● What the exercise asks:
Please restate exactly the lines from the one holding "Girls Strawberry Check Dress" to the end of the material, including both ends and excluding every picture.

● Dataset extract:
*** Begin section ***

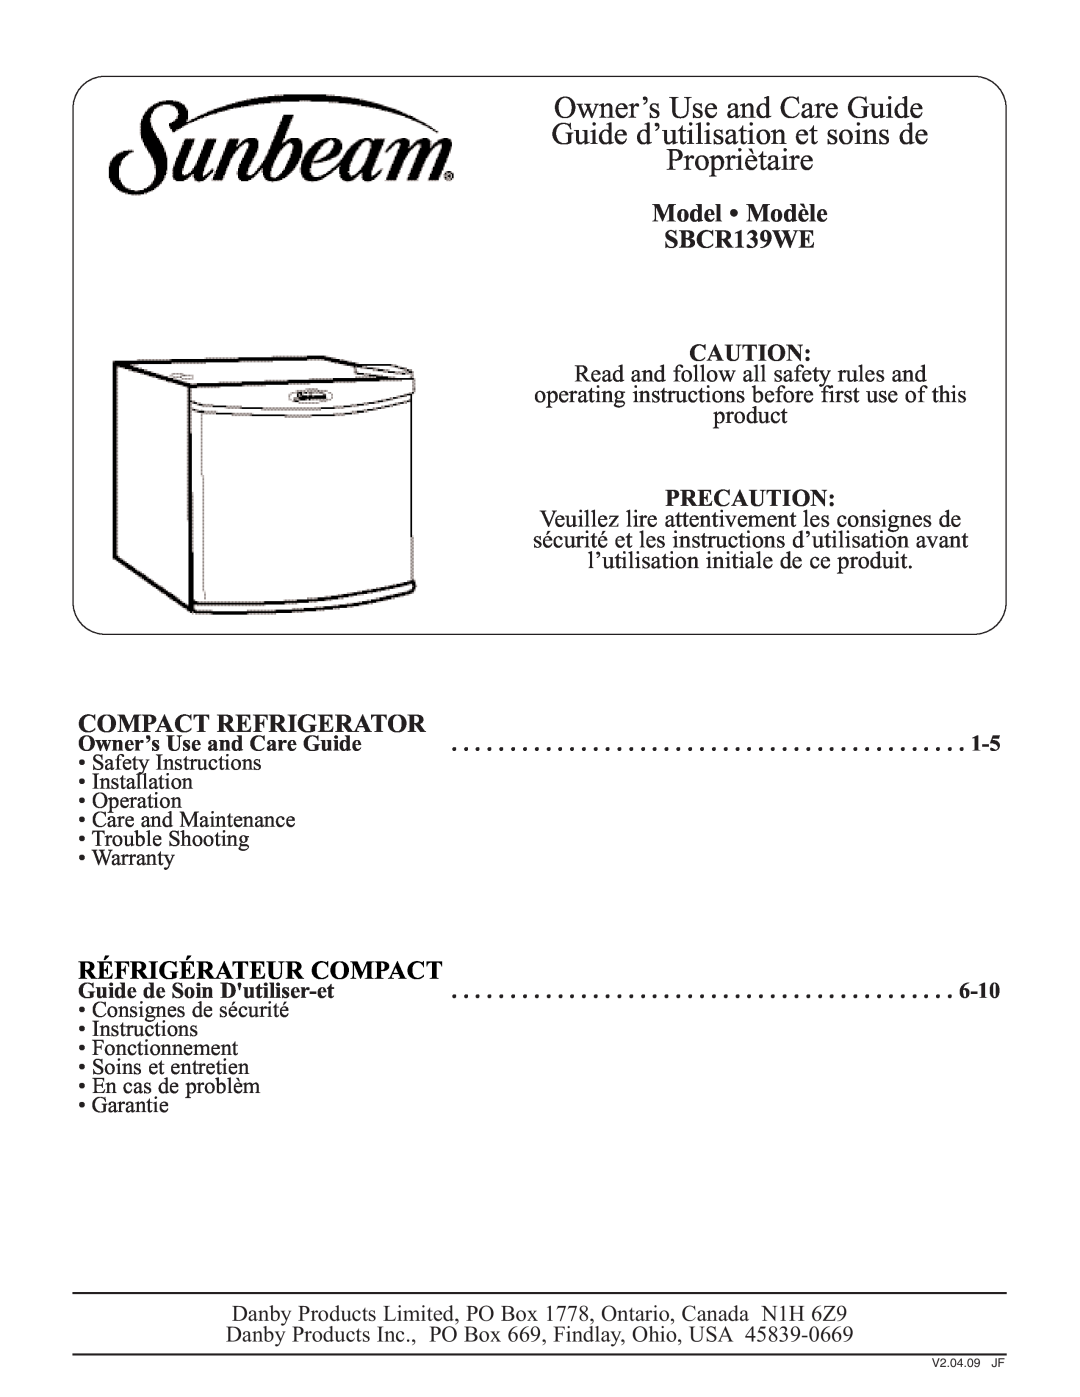 Sunbeam warranty Model Modèle SBCR139WE, Compact Refrigerator, Owner’s Use and Care Guide, Guide de Soin Dutiliser-et 
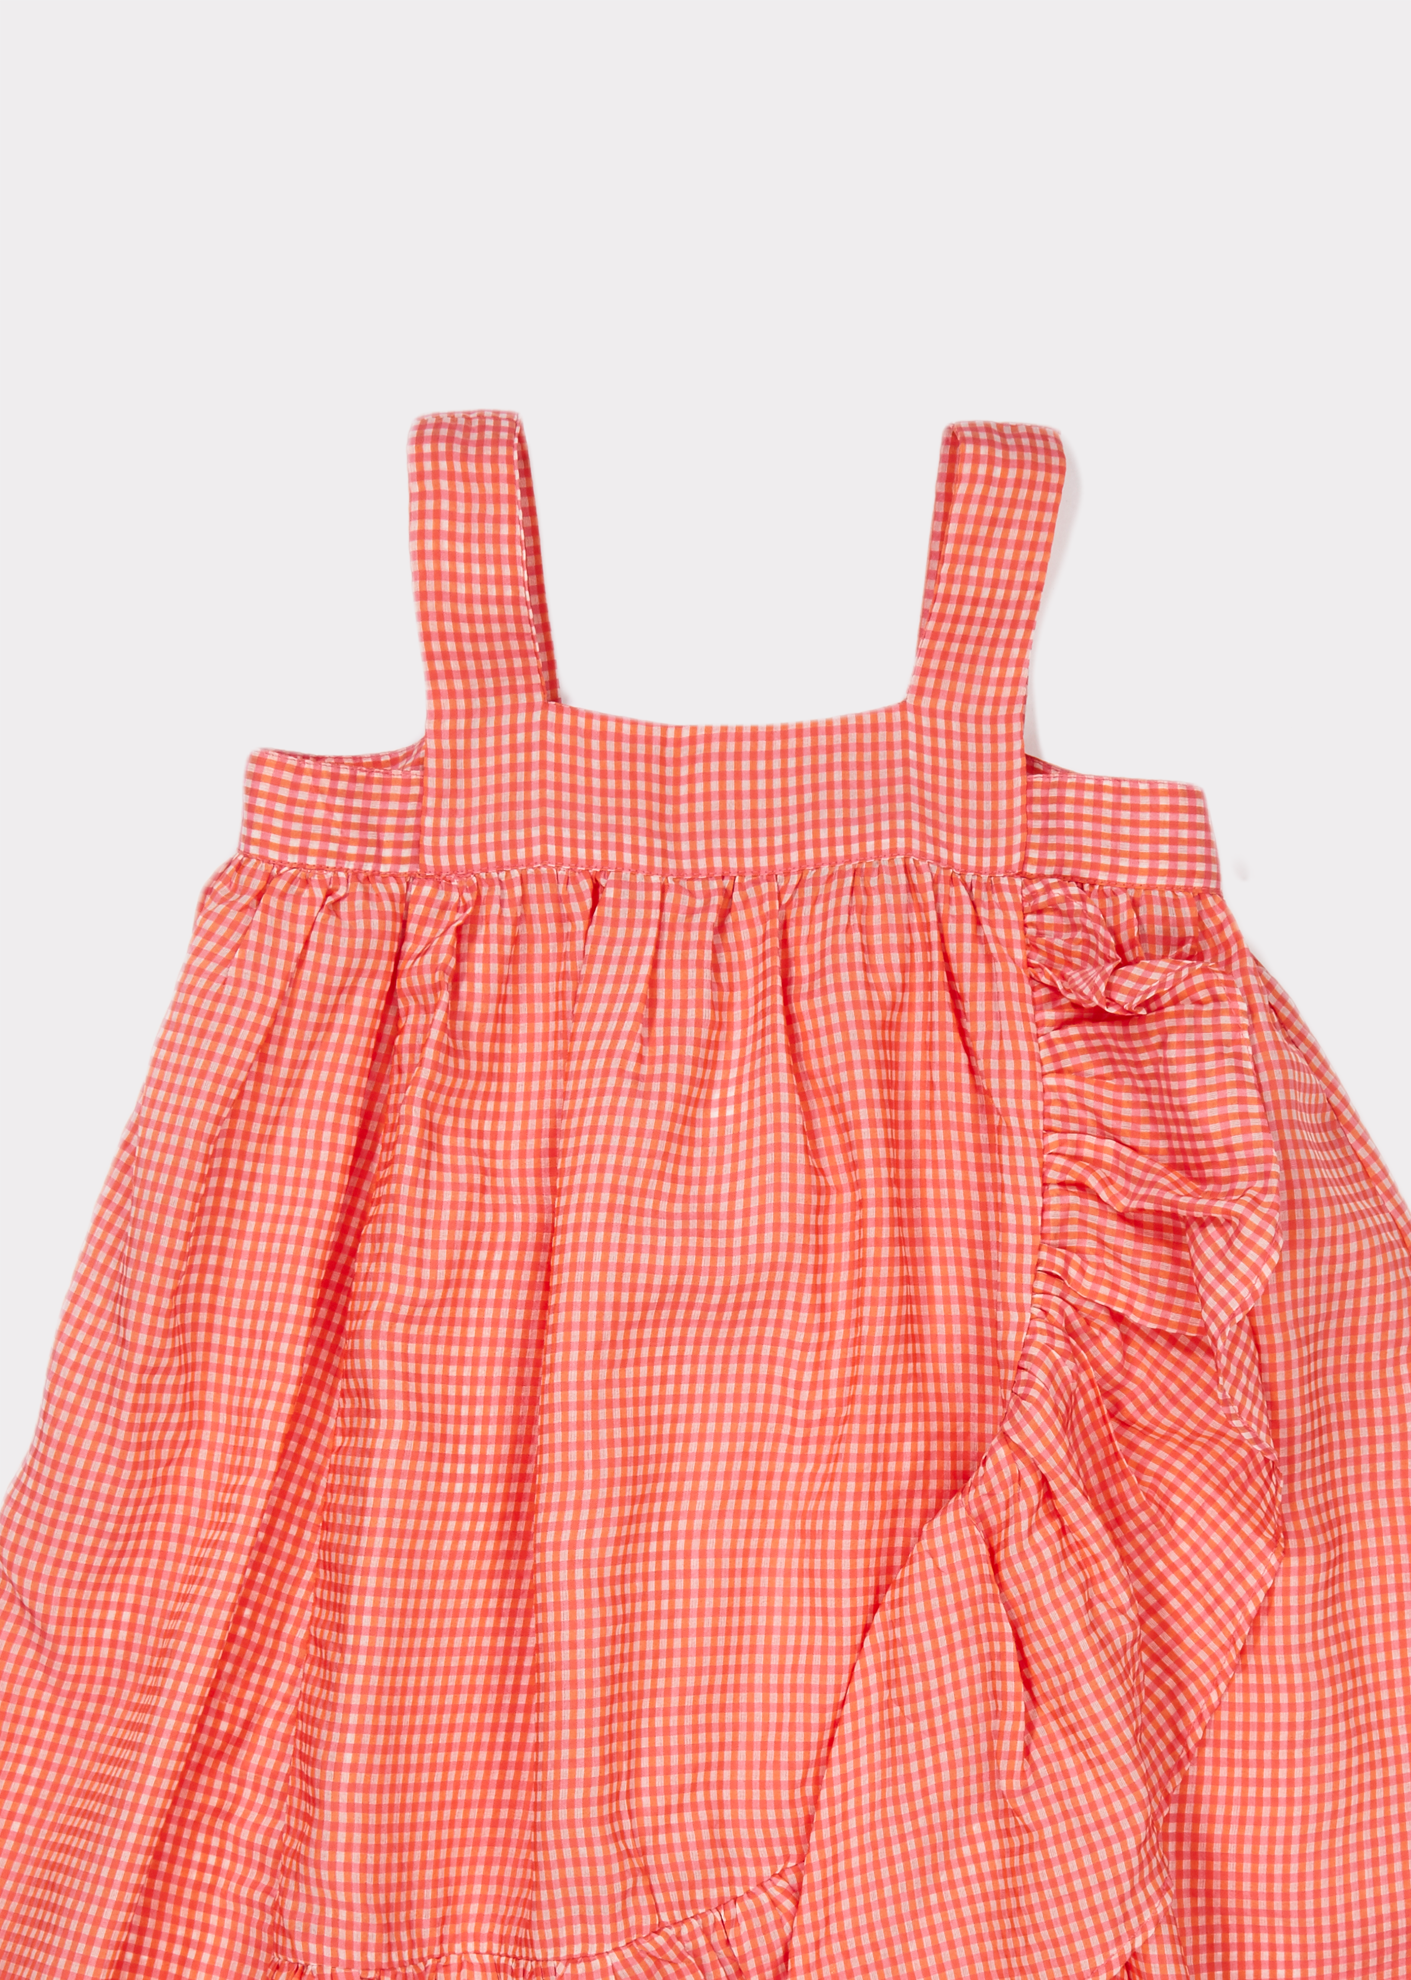 Girls Strawberry Check Dress
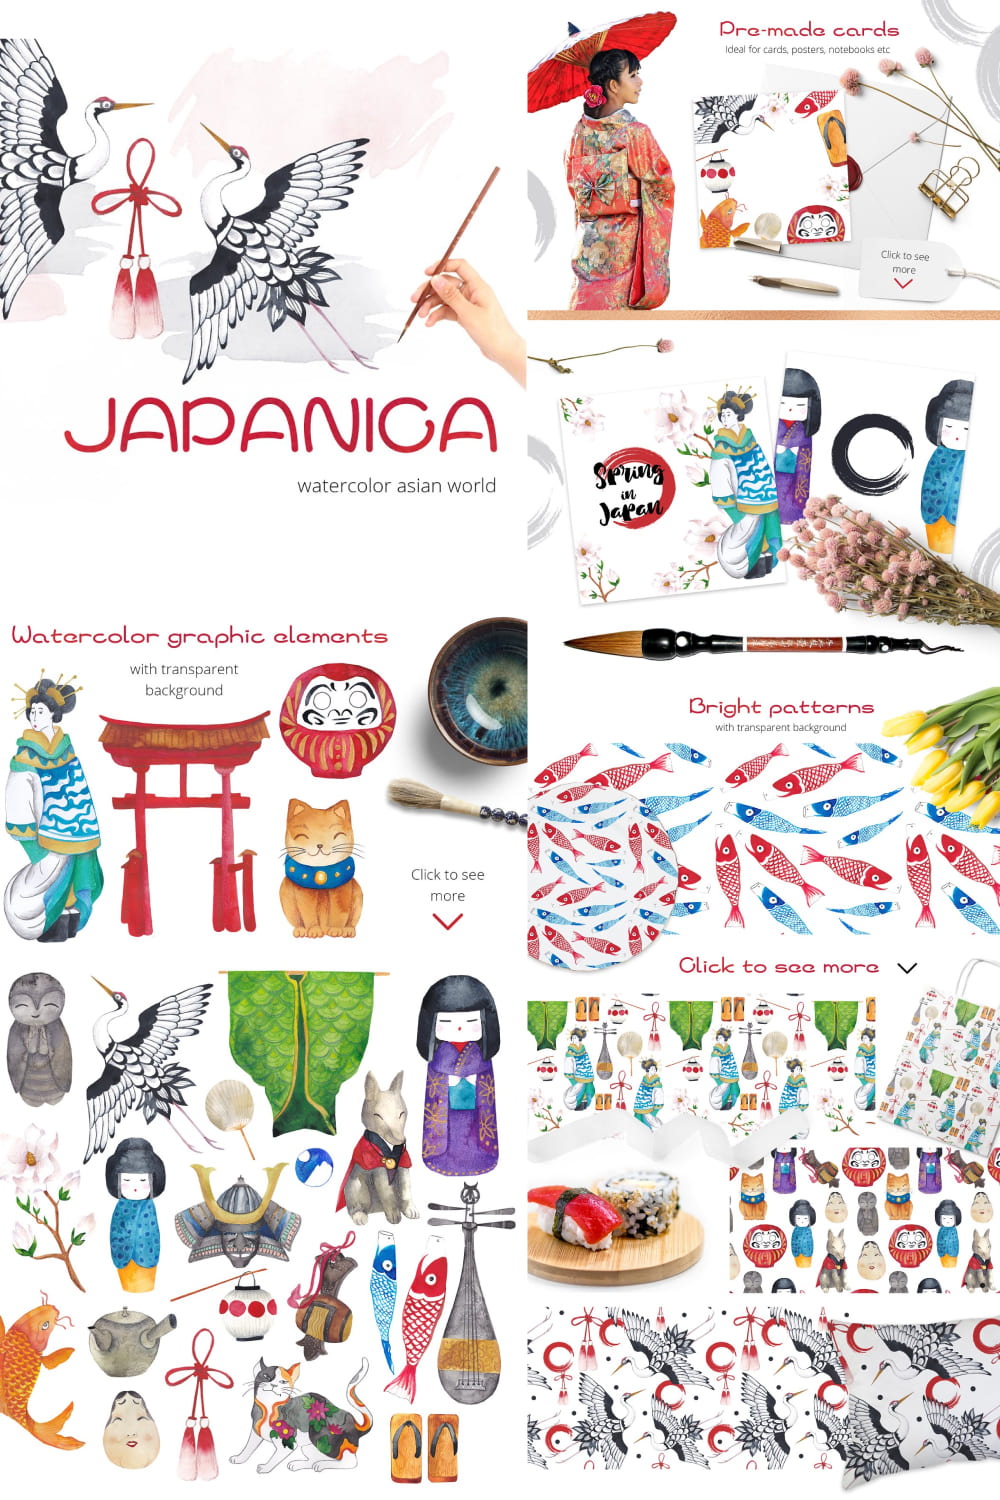 Japan watercolor graphic set - pinterest image preview.

*** End section ***

● Worked solution:
 Girls Strawberry Check Dress
 Japan watercolor graphic set - pinterest image preview.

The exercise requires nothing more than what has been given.